In February the creators released a crude game trailer as a joke. But after an overwhelmingly positive response, they made the game for real. Or, as they put it: “You no longer have to fantasize about being a goat. Your dreams have come true.”

Amy Kowalik, office manager of the American Goat Society in Pipe Creek, Texas, can explain the popularity.

“Goats are the perfect sign-of-the-times animal for our economy,” she said. “They are very tough and can make it through anything. You knock a goat down, it gets right back up. You take away its food, it finds something else to eat. The world is finally waking up to the good attributes of goats.”

A goat rancher for more than 30 years, Kowalik has uploaded a few YouTube videos of screaming goats herself.

Why?

“Because goats are characters,” she said. “They’re fun. They’re awesome. And every one has its own personality. And in the world of YouTube, that spreads like wildfire.”

As livestock go, goats are cheap, hardy and don’t require a lot of land or upkeep. They eat less than a cow and provide you with a ton of different products.

“You can make soap, lotion, cheese and butter out of the milk,” she said. “And the meat is very healthy for you.”

In fact, goat meat is the most widely consumed red meat in the world (but not so much in the U.S.).

But, come on, Amy. What’s with all the yelling?

She paused, then gave a little laugh as if to say, “You city folk!”

“They’re in full-out rut,” she said. “They’re trying to catch the attention of the girls. It’s like a peacock strutting.”

Oh.
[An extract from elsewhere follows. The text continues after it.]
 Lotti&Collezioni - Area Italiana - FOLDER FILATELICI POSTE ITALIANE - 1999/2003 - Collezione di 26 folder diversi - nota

Right.

David Hoffman, University of Missouri Extension livestock specialist, said goats taking over popular culture is a direct result of their increasing popularity in general.
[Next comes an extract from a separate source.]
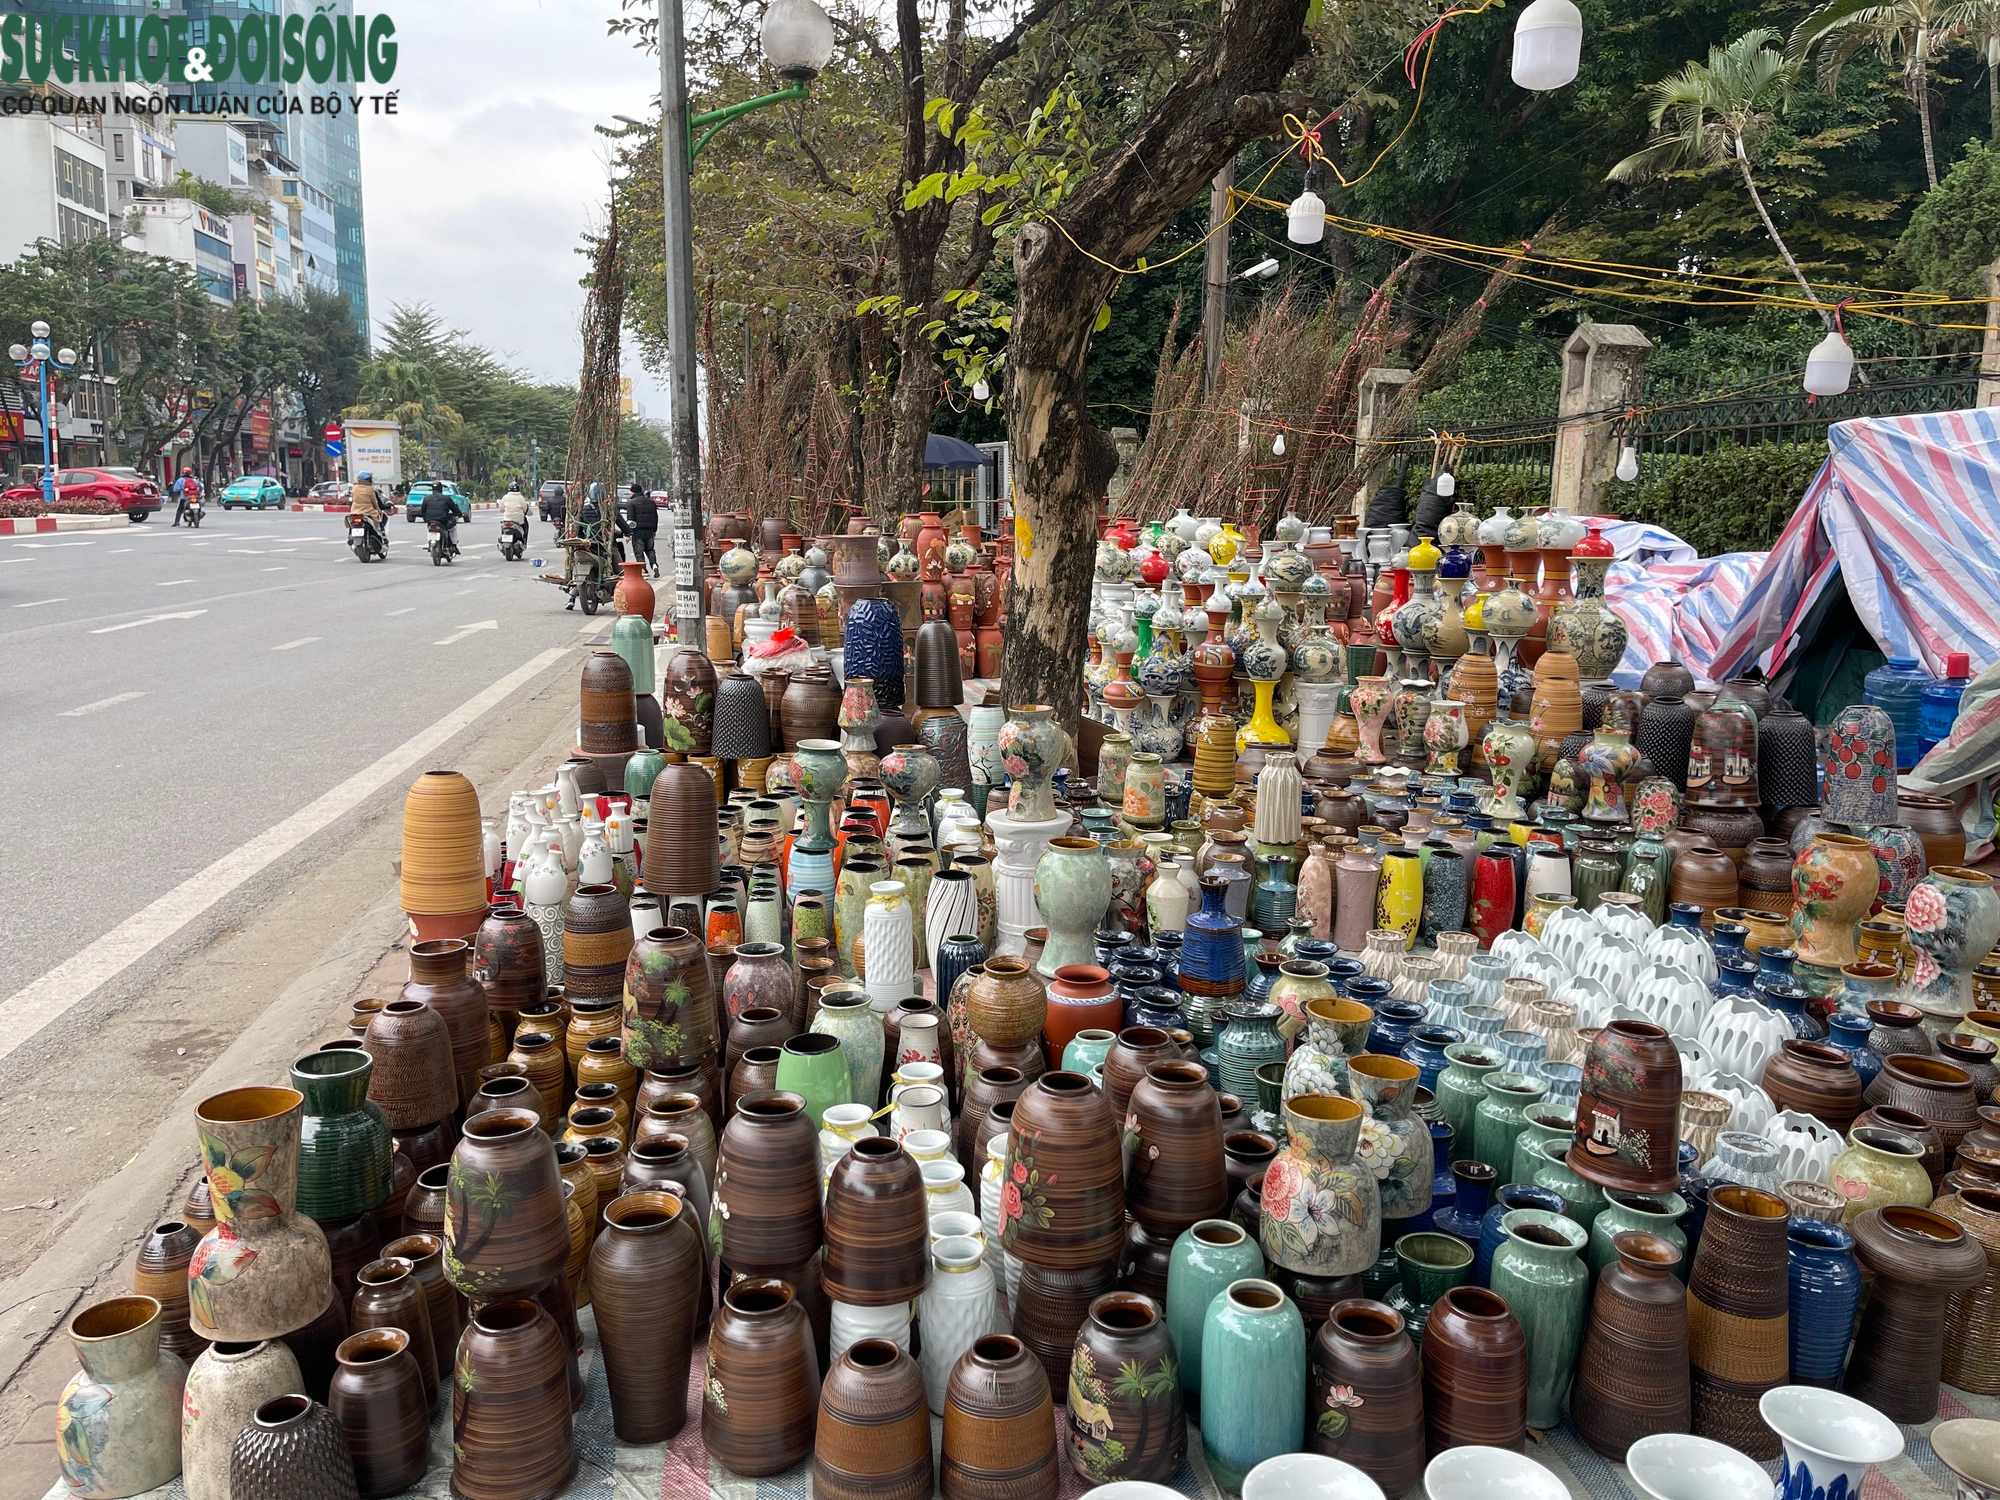 Vỉa hè Hà Nội thành chợ bán đào quất, 'đẩy' người đi bộ xuống đường- Ảnh 4.

“We are definitely seeing an increase in the numbers of goats,” he said. “They’re cute, they’re easy to handle and they have great potential” (for profit). In addition to keeping them for livestock, he said, more rural people are choosing them as pets.
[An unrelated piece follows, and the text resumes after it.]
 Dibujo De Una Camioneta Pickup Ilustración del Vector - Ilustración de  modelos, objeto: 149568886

“I had an older lady call me, and she said she had two pygmy goats she had adopted from animal shelters,” Hoffman said. “She needed some help providing adequate care. But she was enjoying them very much.”

Goats are easily one of the most popular exhibits at Deanna Rose, said superintendent Virgil Miles. Volunteer Linda Williamson has seen the goat devotion.

“There was a mother and a little girl that had been in the pen for about an hour,” she said. “And finally the mother just had to pick up the little girl and drag her out, and she screamed all the way around. She did not want to leave.”

Today, there are about 1 billion goats in the world, most with horns, scruffy chin beards and those weird, alien eyes that stare at you from the sides of their skulls. But goats come in many sizes, colors, textures and temperaments.

There are dairy goats, pygmy goats, miniature goats, Boer goats, Nigerian dwarf goats as well as an increasing number of goat shows, goat fairs and goat conventions.

And who knows? Maybe one day you, too, will fall in love with one of them just like Mya Parker.

Just not Sprinkles, OK?

“Nooo!” she screamed recently, guarding the goat from a stranger who dared get too close. “Sprinkles is my baby goat, and I’m going to stay with him here forever.”

Whatever floats your goat, Mya.

And if you think this goat giddiness is going anywhere soon, think again. Know what next year is on the Chinese calendar?

You guessed it: the year of the goat.